Verbenone is a natural organic compound classified as a terpene that is found naturally in a variety of plants. The chemical has a pleasant characteristic odor. Besides being a natural constituent of plants, it and its analogs are insect pheromones. In particular, verbenone when formulated in a long-lasting matrix has an important role in the control of bark beetles such as the mountain pine beetle and the Southern pine bark beetle.

==Chemistry==
Verbenone is a monoterpene, to be specific a bicyclic ketone terpene. It is the primary constituent of the oil of Spanish verbena, hence its name; it is also found in the oil of rosemary. It is nearly insoluble in water, but miscible with most organic solvents.
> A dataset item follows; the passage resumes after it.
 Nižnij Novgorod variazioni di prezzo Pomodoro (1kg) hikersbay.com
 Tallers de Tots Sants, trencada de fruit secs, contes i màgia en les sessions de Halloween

Verbenone can be readily prepared synthetically by the oxidation of the more common terpene α-pinene:

Verbenone can then be converted into chrysanthenone through a photochemical rearrangement reaction:

==Use for insect control==
The southern pine beetle (Dendroctonus frontalis), a bark beetle, is a major threat to pine trees in the southeastern United States. Its reproductive cycle is controlled by varying ratios of certain natural chemicals, including verbenone. To reproduce, pine bark beetles aggregate in large numbers in their host pine trees. At the beginning of an attack, various chemicals produced by infested trees and by the beetles attract additional beetles of the same species. When the numbers of adults and larvae approach the maximum that the tree can support, antiaggregation signal chemicals, i.e., verbenone, are produced, reducing the likelihood that additional beetles will land and attack the tree. Forest managers frequently try to control infestations of the Southern pine bark beetle by cutting down and sometimes burning infested trees and nearby healthy trees. They then place verbenone formulations on nearby susceptible healthy trees to repel and confuse the beetles.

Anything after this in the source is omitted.